In Iran, there are two types of bazaars:

Periodic bazaars and permanent bazaars

The former are often temporary. These bazaars are held once a week, month or year. This type of bazaar does not have any special architectural style or spaces with specific structures. They are often held to offer non-industrial and domestic products such as dairy products or artifacts fabricated by people. Despite the modern development, these bazaars have persisted to this day in Iran, where some cities offer traditional bazaars as major tourist attractions.

For instance, the annual bazaar of Ardehal in Mashhad is held every year during Ghalishuyan, a key ritual event held in the city for washing carpets.

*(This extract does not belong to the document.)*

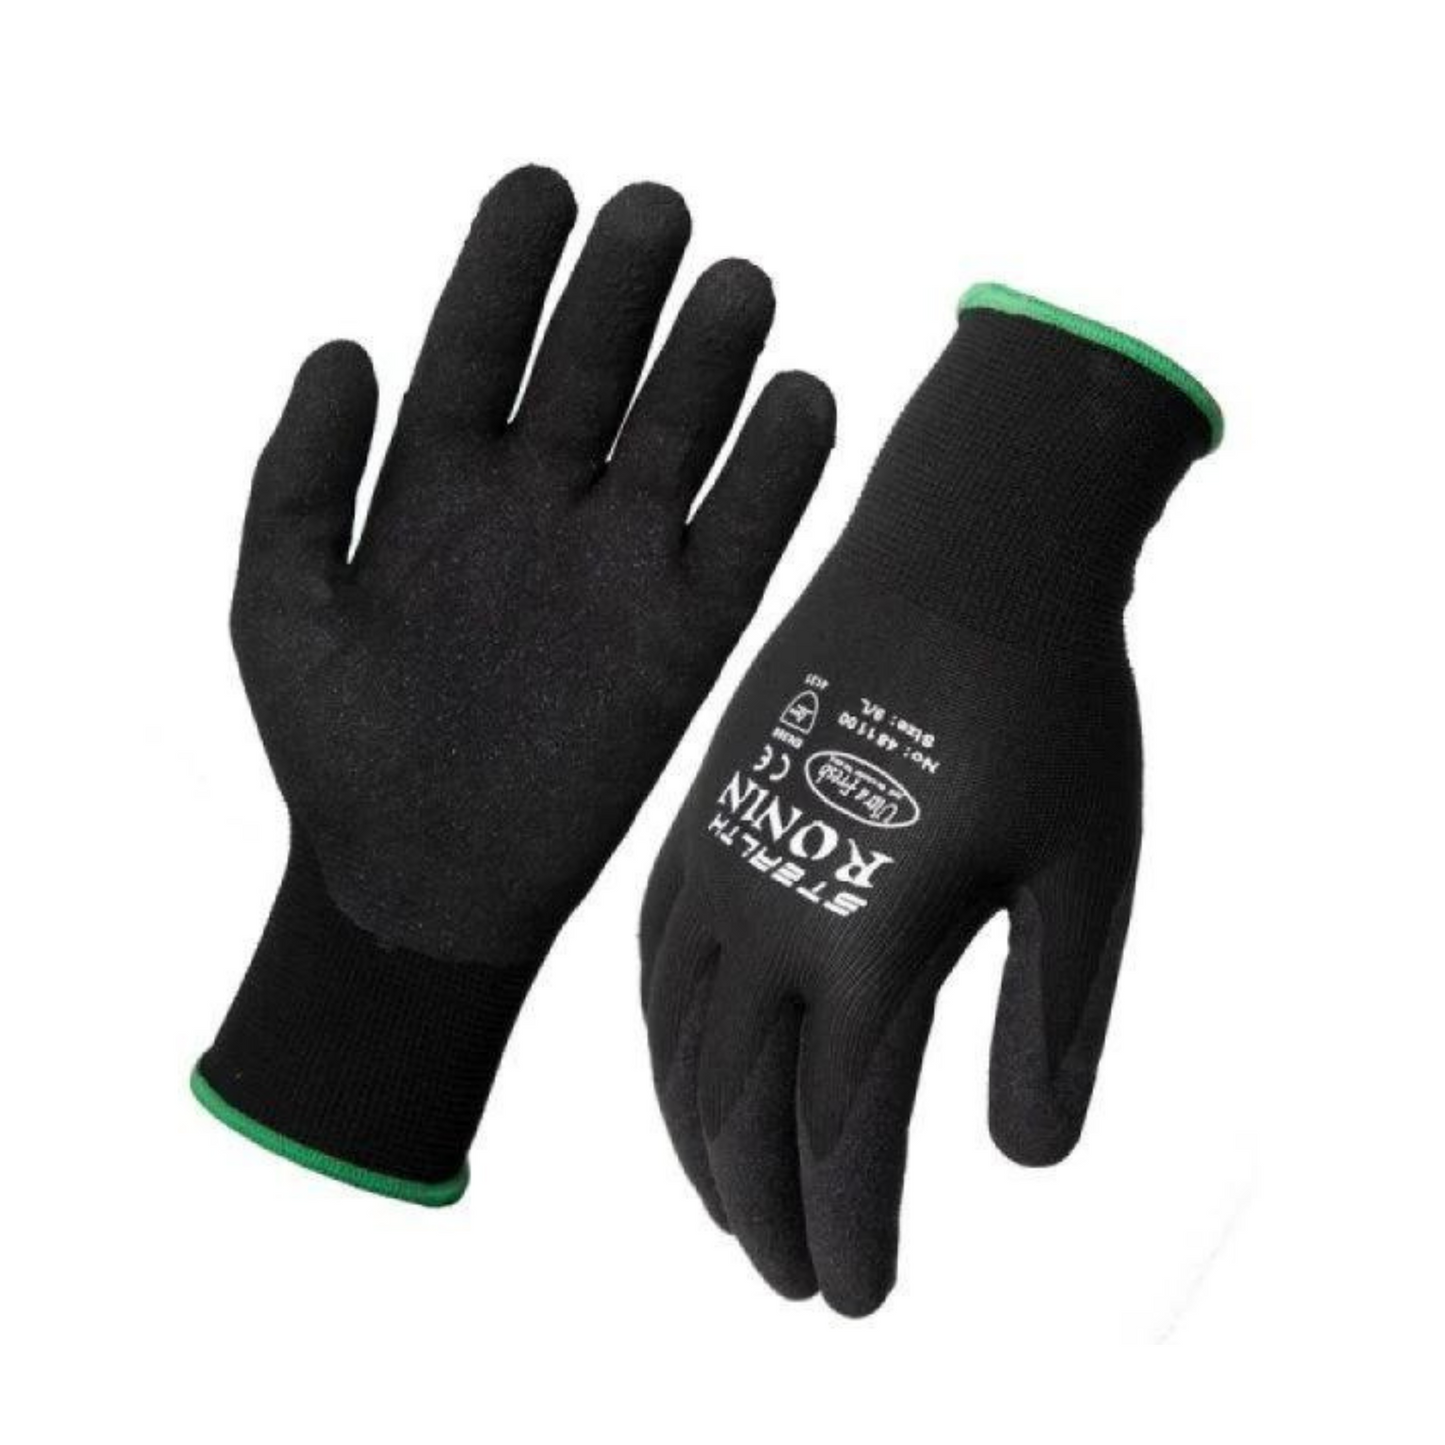 Stealth Ronin Black Work Gloves - XL Pack (12pc)
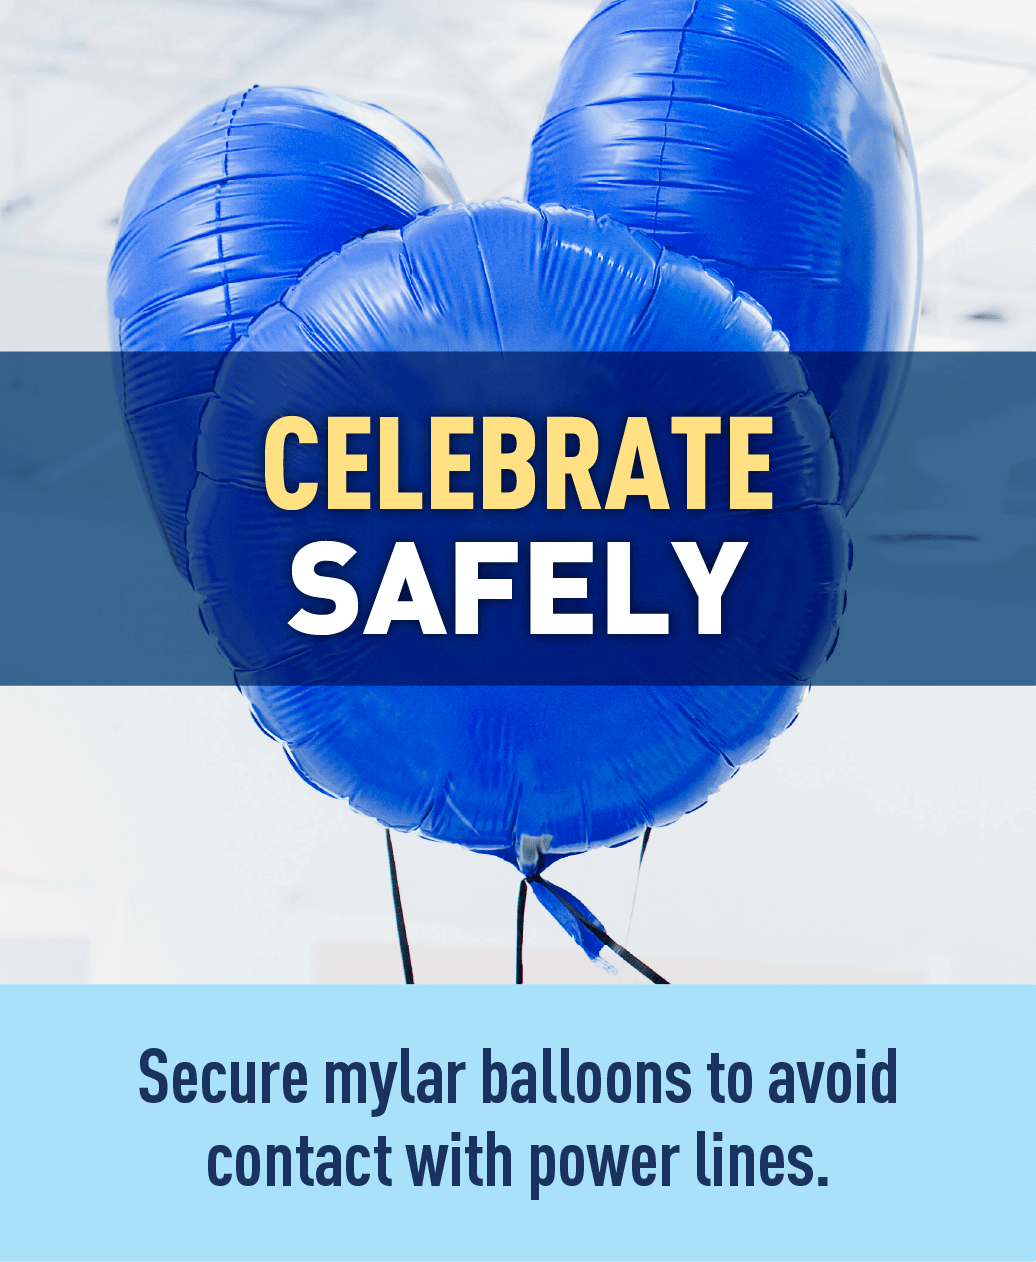 Image of mylar balloons.

Targeted visits to such traditional bazaars in tourist programs can provide an opportunity for direct dialogue with the public and local communities. These bazaars are not as formal and dull as permanent bazaars, since they build a more friendly relationship between store-keepers and customers. The main profession of store-keepers in periodic bazaars is not sales business. They are rather artists, ranchers or farmers who have come to offer their products to bazaar.

The second type involves permanent bazaars. It dates back to the Neolithic era when humans became sedentary in Iran.

In ancient and historical documents, Iran has been frequently mentioned together with its bazaars and the unique architectural style. For example, the documents refer to organized trade roads and bazaars developed along the way. During the Parthian era, Iran stood on the trade route between India/China and Mesopotamia/Byzantine, leading to Iranian progress in business and industrial transactions. The progress expanded separate independent bazaars each assigned to a specific product.

During the Sassanid era, bazaars emerged in the urban structure and development, finding their ordinary appearance these days. The technical term applied to these bazaars in urban development is spine. That is because a bazaar began at the city gate and stretched to the center, evoking a kind of spine throughout the general plan of the city.

This approach to bazaar development was adopted until the Islamic era, and has continued to some extent until today.

In the Islamic era, bazaars were regarded as the economic lifeline providing a space to display the legitimacy of the government right at the city gates, pointing to a route where the newcomers could arrive at city center, headquarters and the Imperial Palace. In fact, bazaar functioned as an arrow to any newcomer heading to the main attraction sight of the city. Along this road, a bazaar exhibited everything the city had to offer.

It is completely clear that in any society, the stability of any kingdom depends on economic stability, showcased to the public in the bazaar.

Many Iranian tourist attraction cities such as Isfahan, Qazvin, Shiraz and Kerman house such bazaars. For example, the bazaar in Naqsh-e Jahan Square began from the Safavid gates and passed by majestic mosques, depicting the religious power in the royal palace (Ali Qapu).

Since all institutions such as schools, tekyehs, Hussainiyas, etc. require an economic basis for survival, they often housed traditional bazaars. For example, Tabriz Great Bazaar has been listed by UNESCO owing to its curious features, entailing 10 mosques and nineteen religious schools.

This has been dubbed as the world’s longest indoor bazaar and the most complete social organization among Iranian bazaars.